Leaving the pictures aside, return the listing exactly as it appears.

··· GIVEN INFORMATION

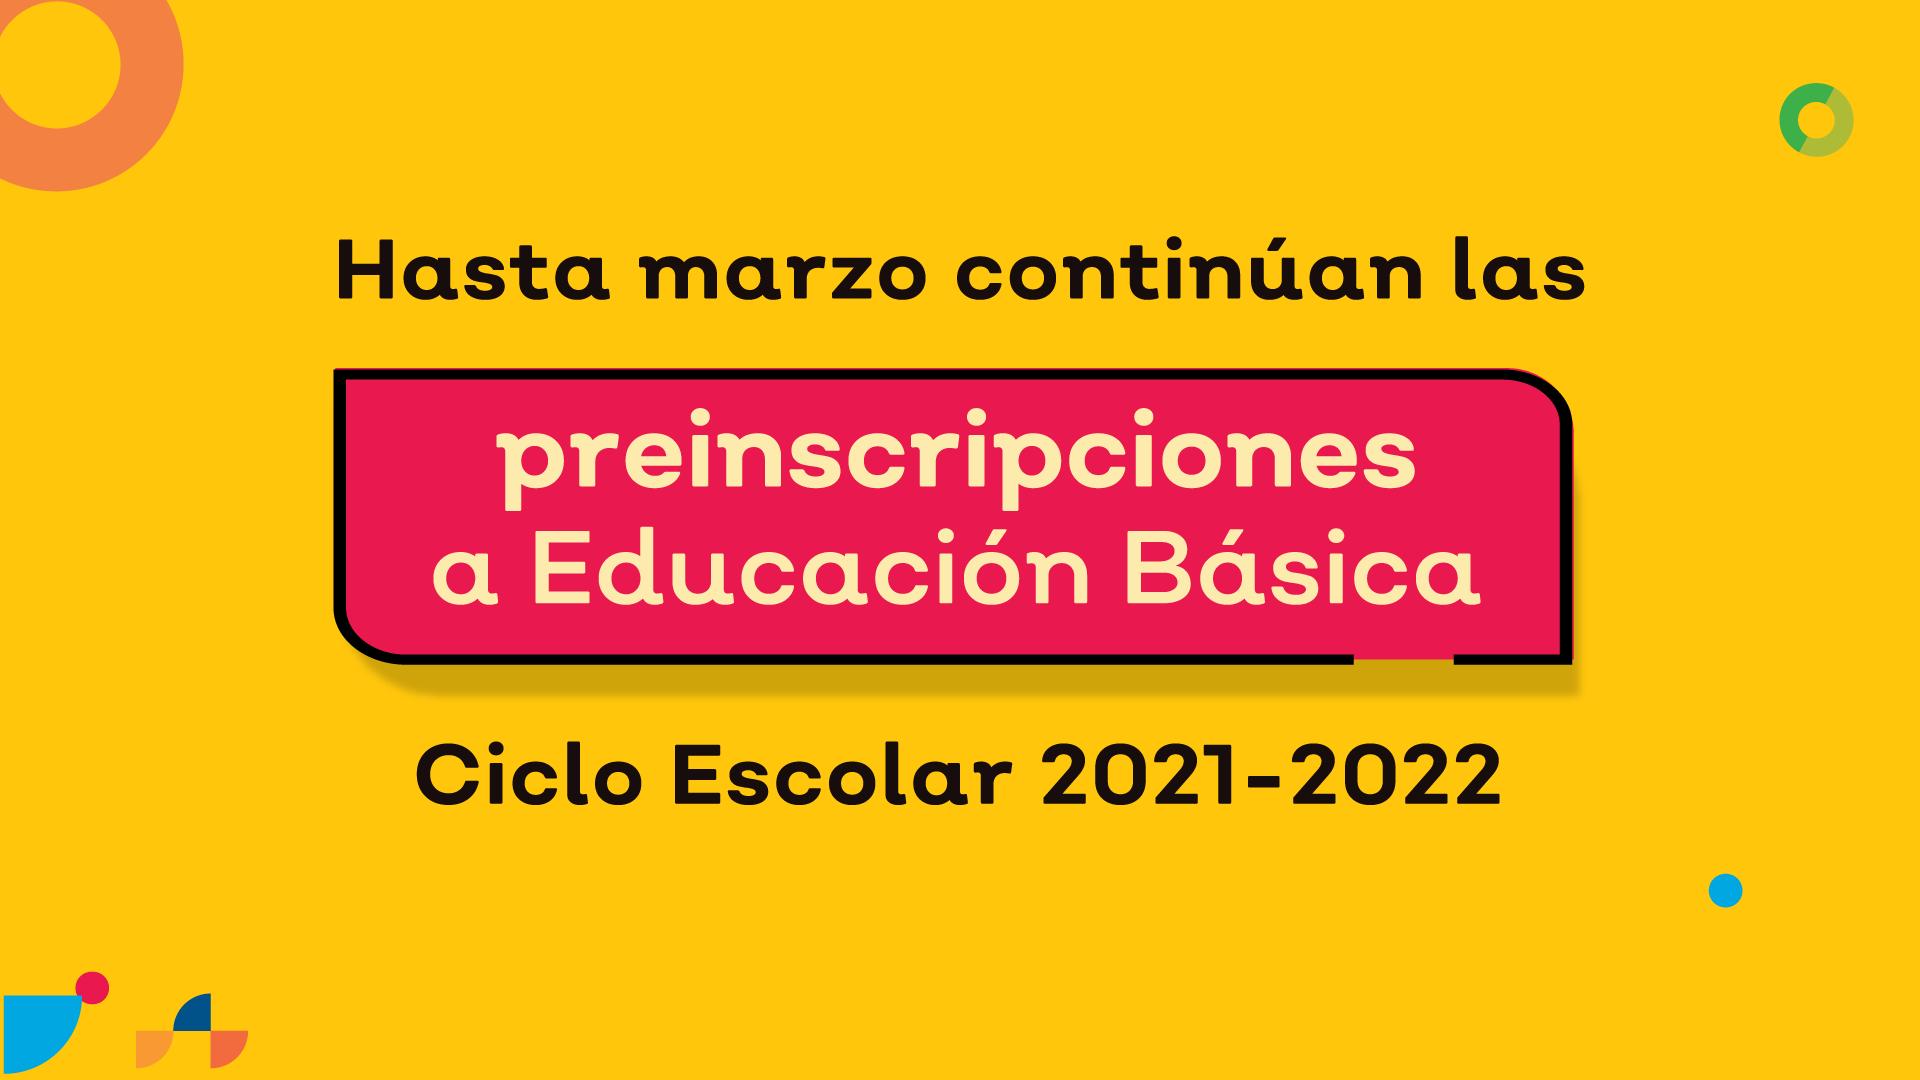 Se amplía hasta marzo  el periodo de preinscripciones a Educación Básica para el Ciclo escolar 2021-2022
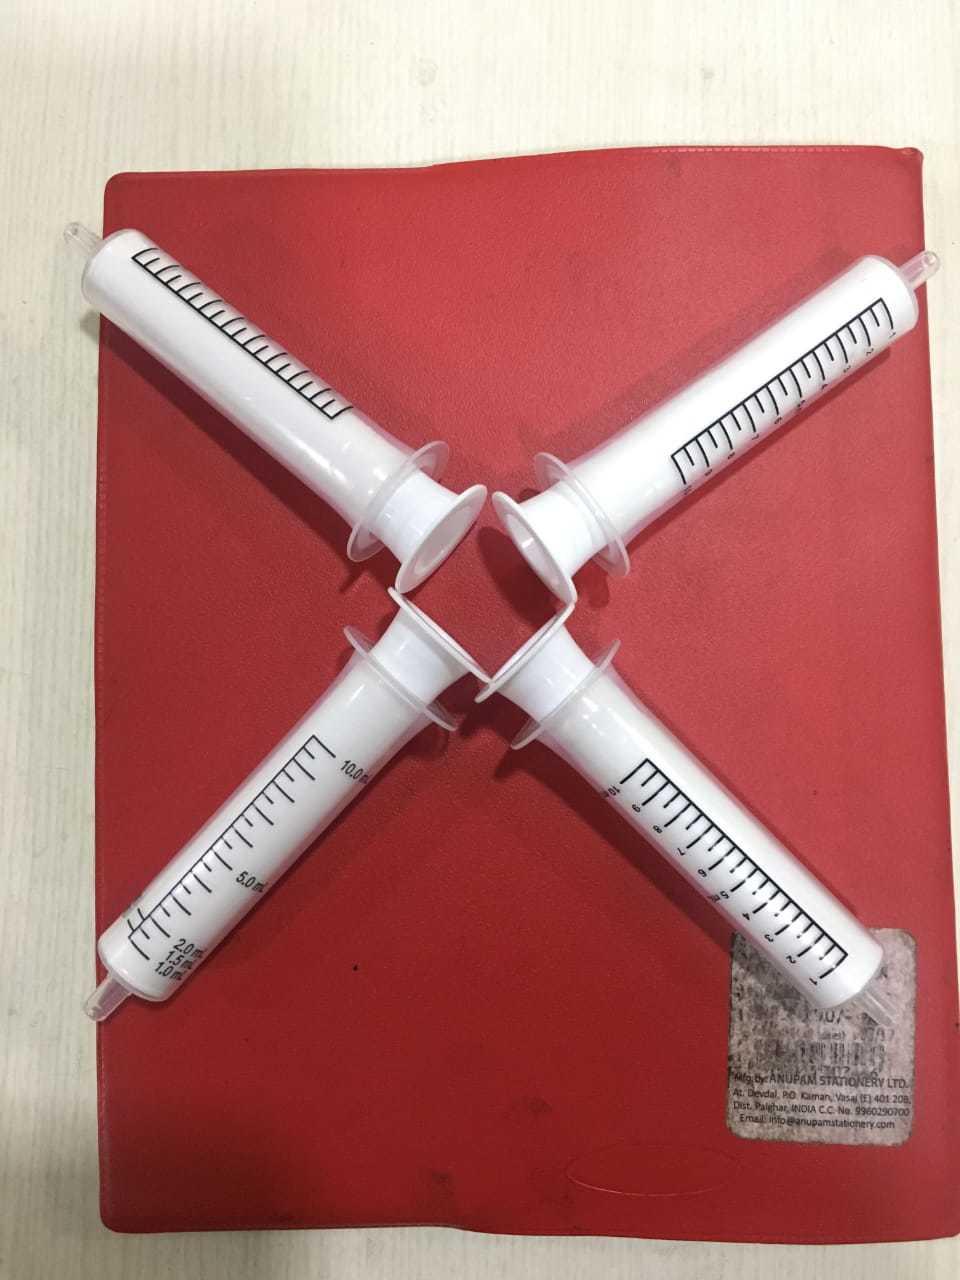 oral dosage syringe
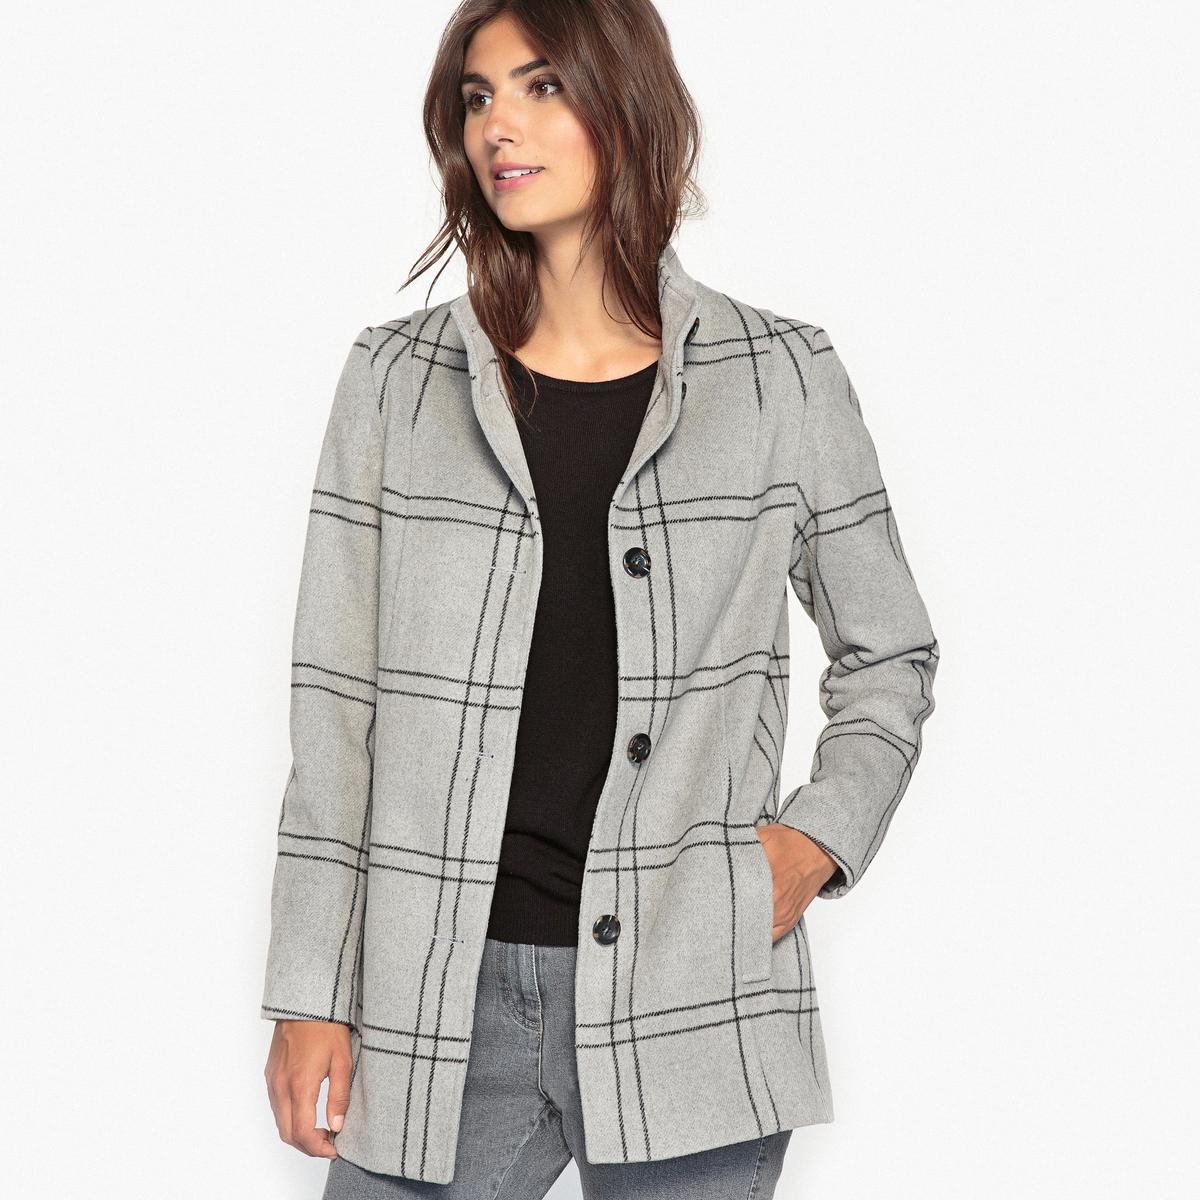 Пальто в клеткуОписание:Клетка в моде этой зимой ! Она придает строгость и элегантность пальто серого цвета приталенной формы .Детали •  Длина : средняя •  Воротник-стойка •  Рисунок в клетку • Застежка на пуговицыСостав и уход •  3% шерсти, 54% акрила, 43% полиэстера •  Подкладка : 100% полиэстер •  Следуйте рекомендациям по уходу, указанным на этикетке изделия •  Деликатная чистка/без отбеливателей •  Не использовать барабанную сушку   •  Низкая температура глажки<br><br>Цвет: в клетку<br>Размер: 38 (FR) - 44 (RUS).48 (FR) - 54 (RUS).44 (FR) - 50 (RUS).40 (FR) - 46 (RUS)

······

* **RESPONSE BOX**:
 Se amplía hasta marzo  el periodo de preinscripciones a Educación Básica para el Ciclo escolar 2021-2022
 oral dosage syringe
 Пальто в клеткуОписание:Клетка в моде этой зимой ! Она придает строгость и элегантность пальто серого цвета приталенной формы .Детали •  Длина : средняя •  Воротник-стойка •  Рисунок в клетку • Застежка на пуговицыСостав и уход •  3% шерсти, 54% акрила, 43% полиэстера •  Подкладка : 100% полиэстер •  Следуйте рекомендациям по уходу, указанным на этикетке изделия •  Деликатная чистка/без отбеливателей •  Не использовать барабанную сушку   •  Низкая температура глажки<br><br>Цвет: в клетку<br>Размер: 38 (FR) - 44 (RUS).48 (FR) - 54 (RUS).44 (FR) - 50 (RUS).40 (FR) - 46 (RUS)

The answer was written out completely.